**Information provided:**
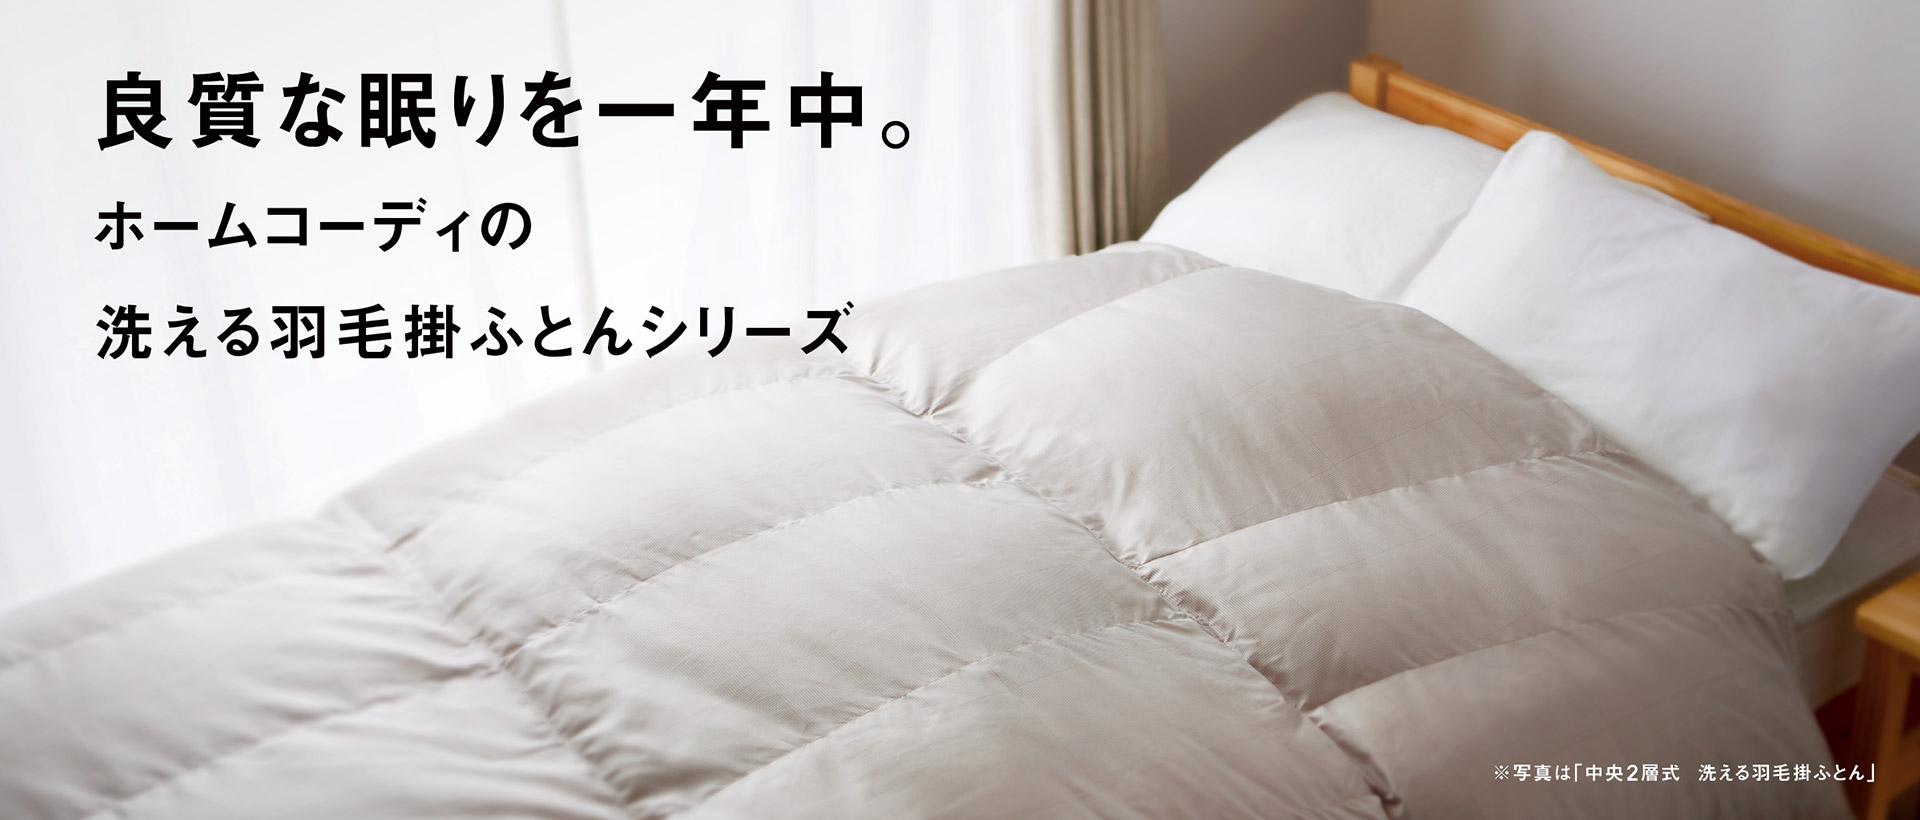 良質な眠りを一年中。洗える羽毛掛ふとんシリーズ 実用新案登録済!
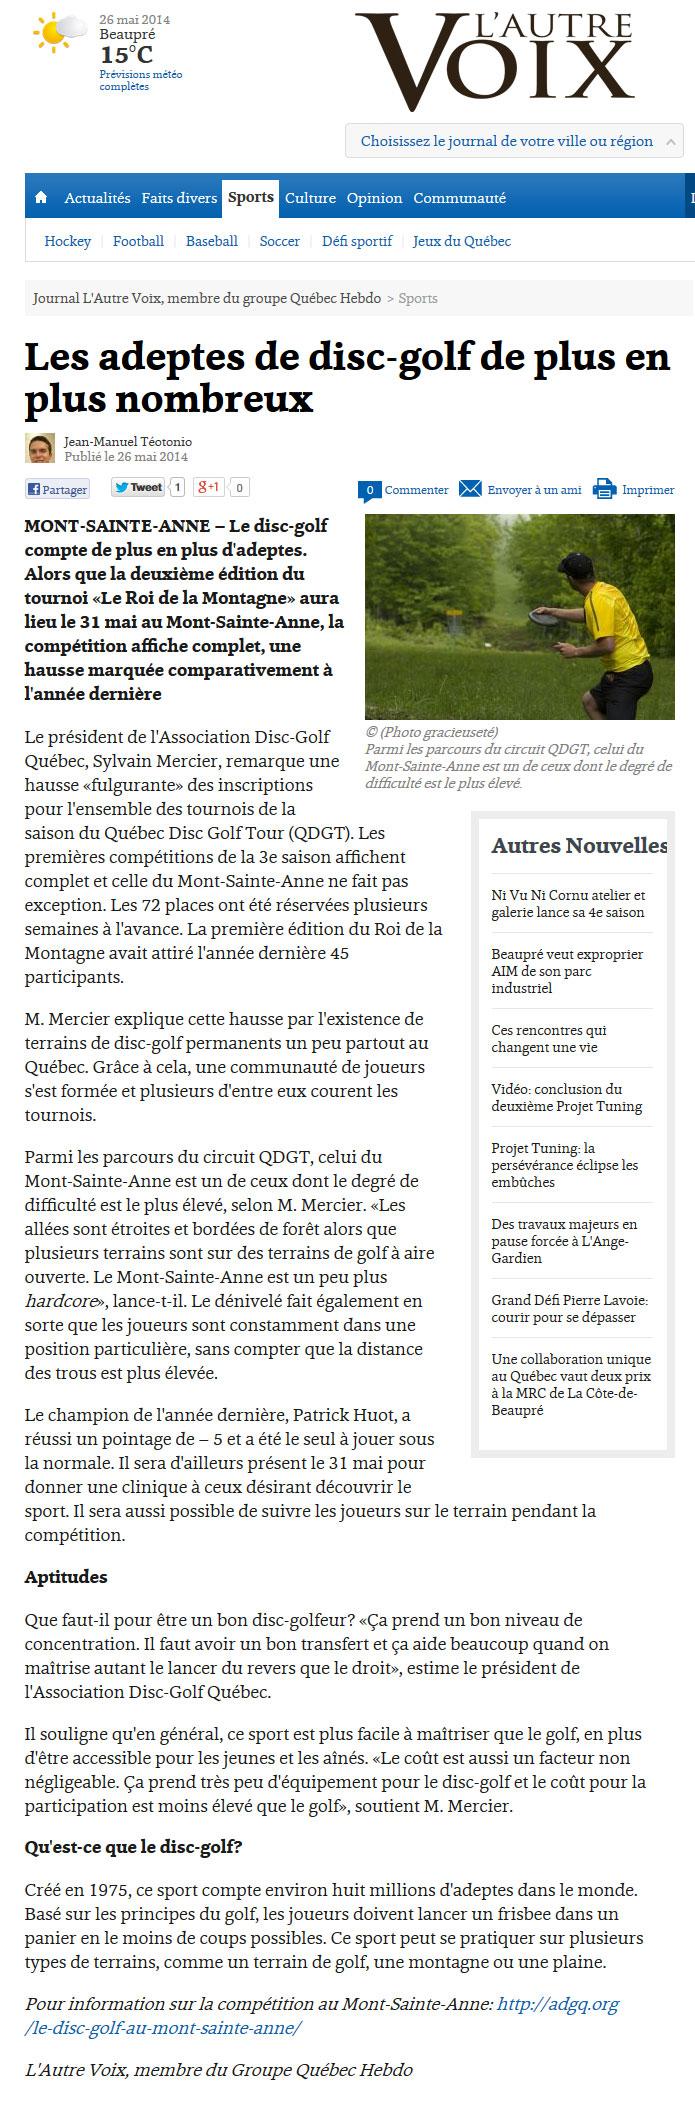 2014-05-26-Les-adeptes-de-disc-golf-Sports-Journal-L-Autre-Voix
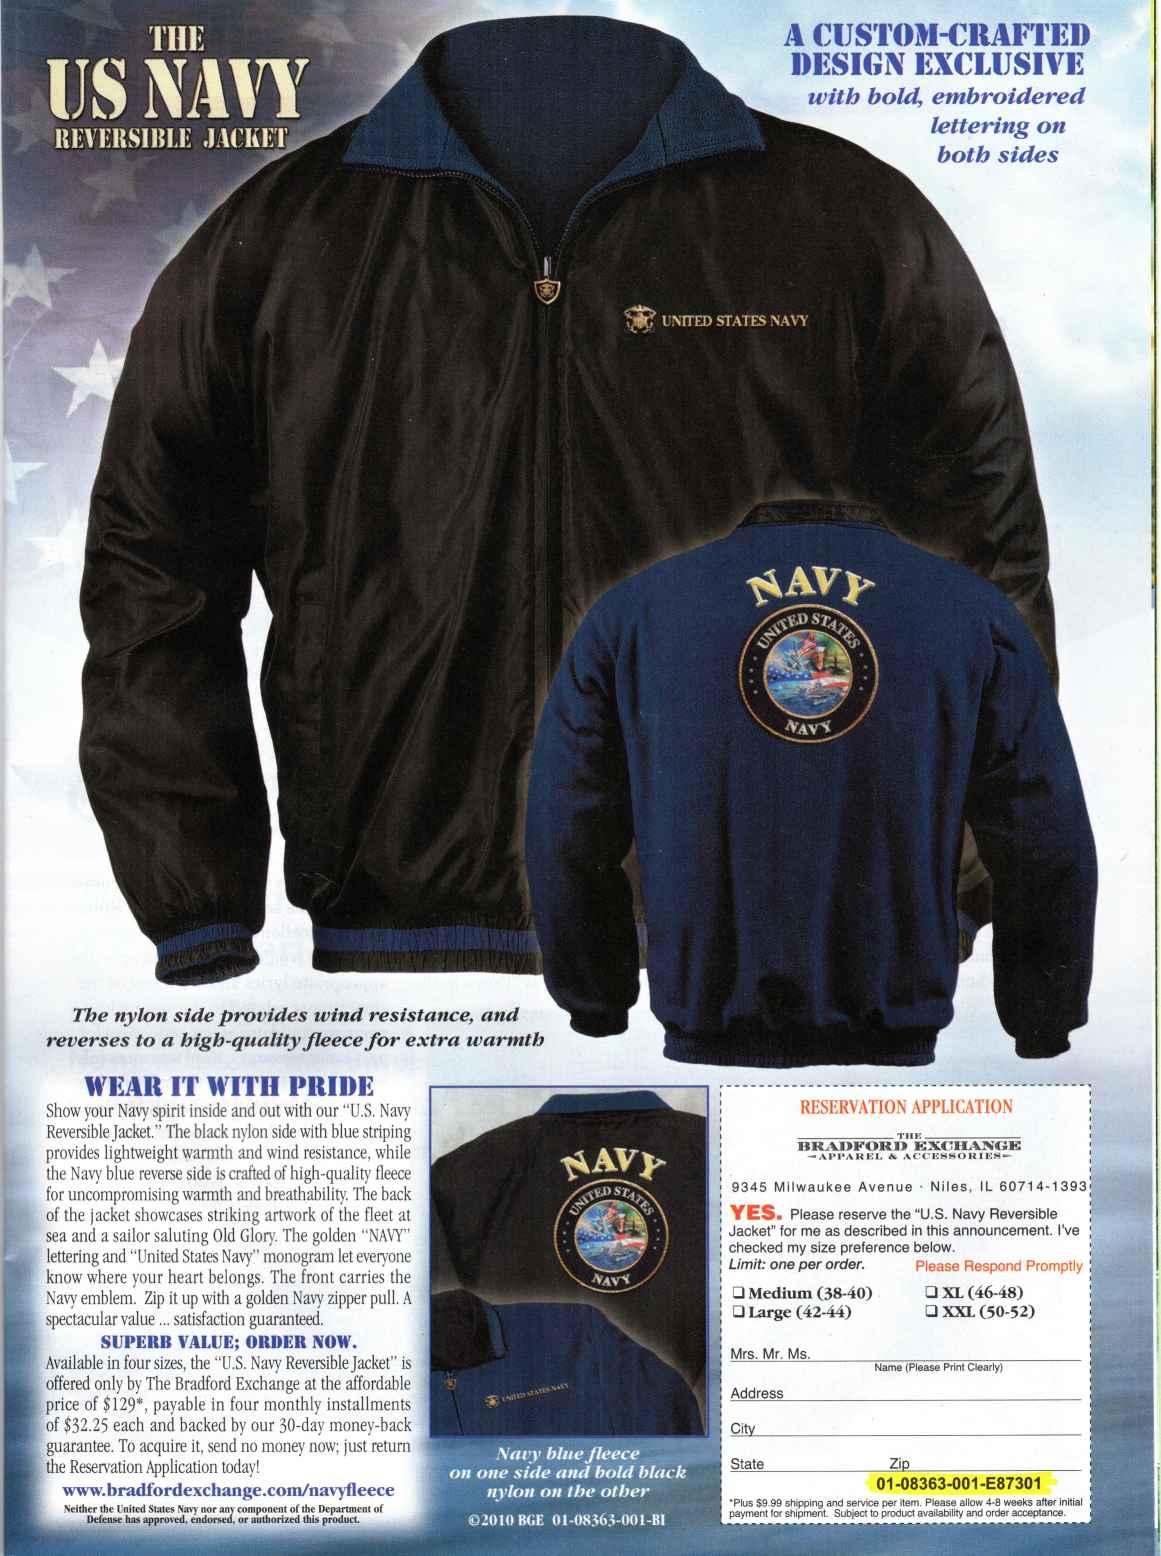 A Reversible Navy Jacket
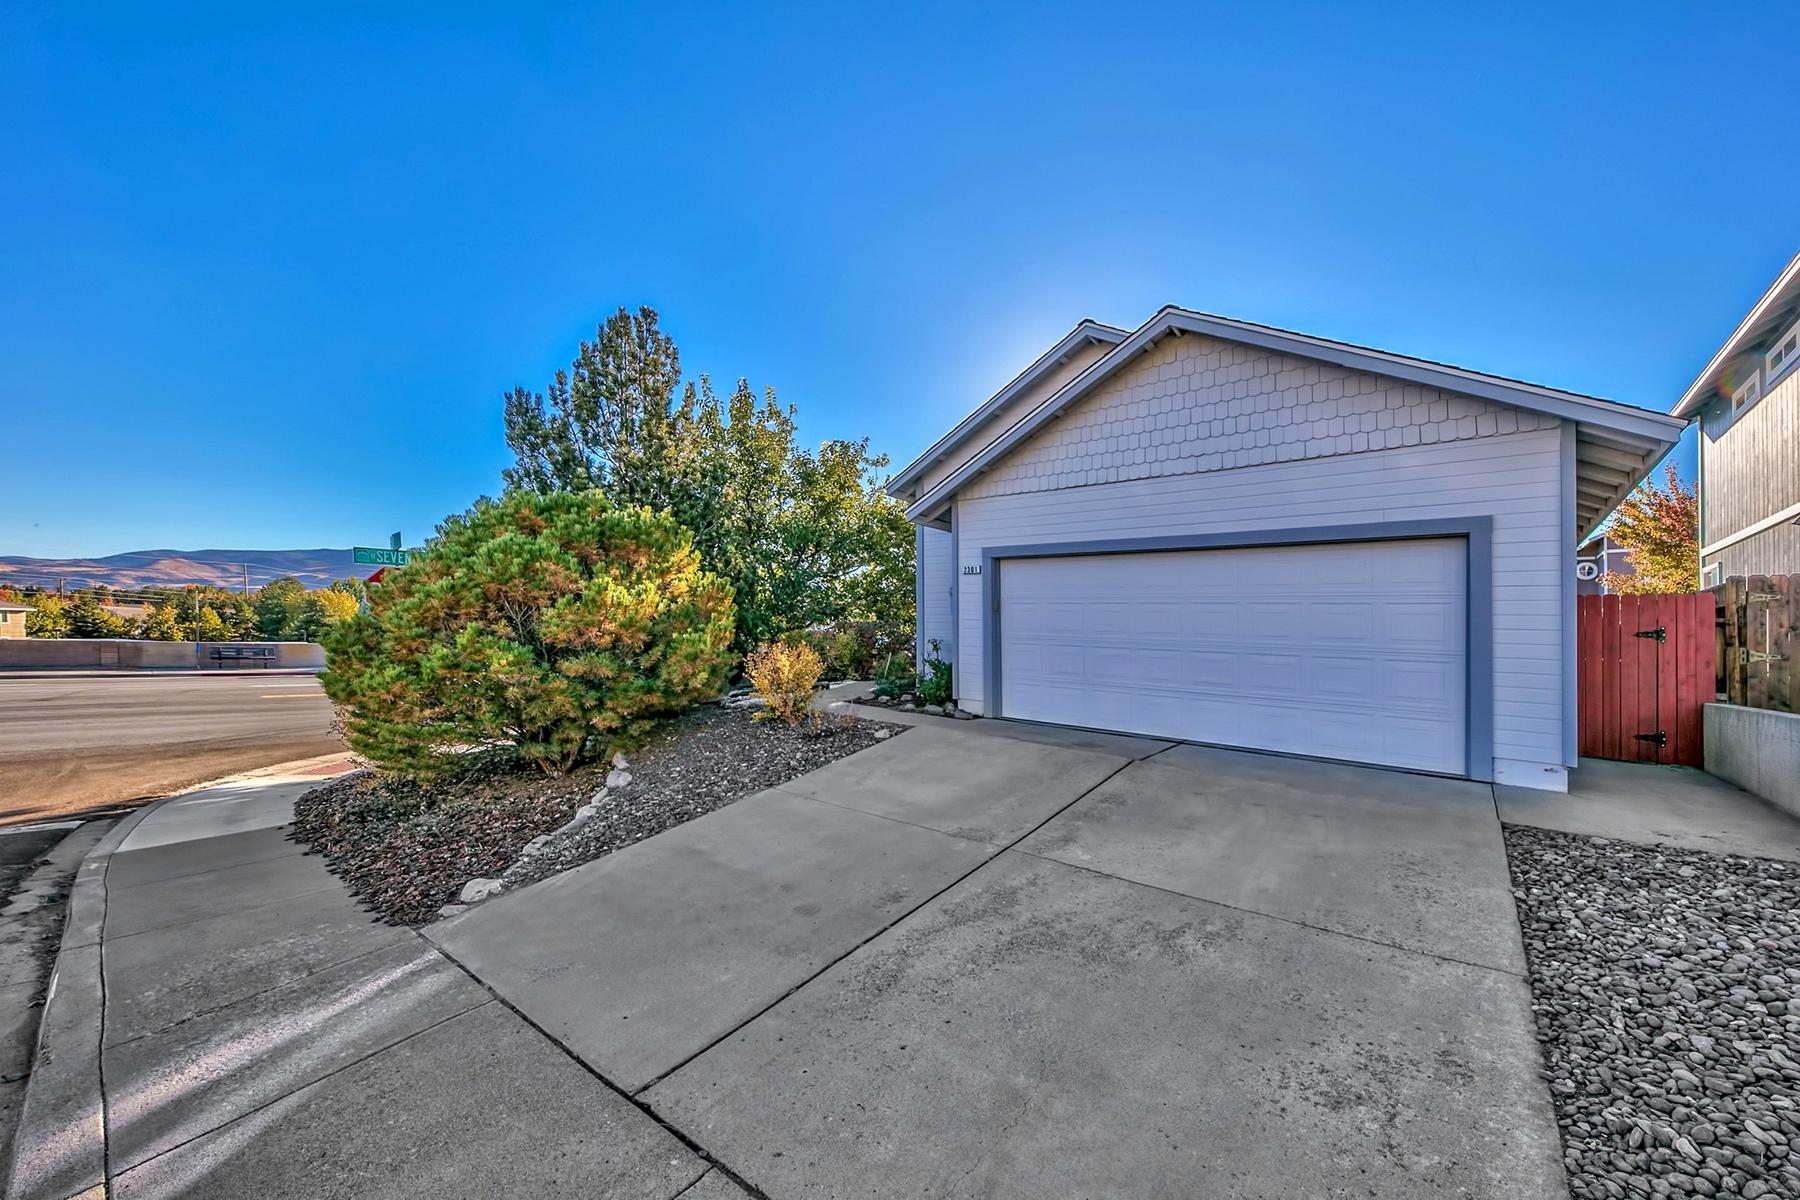 Additional photo for property listing at 2301 Cordilla Ct., Reno, NV 2301 Cordilla Ct. Reno, Nevada 89523 United States

**Exercise goal:** Leaving aside the pictures, copy the listing above exactly.

**Response area:**
 良質な眠りを一年中。洗える羽毛掛ふとんシリーズ 実用新案登録済!
 2014-05-26-Les-adeptes-de-disc-golf-Sports-Journal-L-Autre-Voix
 A Reversible Navy Jacket
 Additional photo for property listing at 2301 Cordilla Ct., Reno, NV 2301 Cordilla Ct. Reno, Nevada 89523 United States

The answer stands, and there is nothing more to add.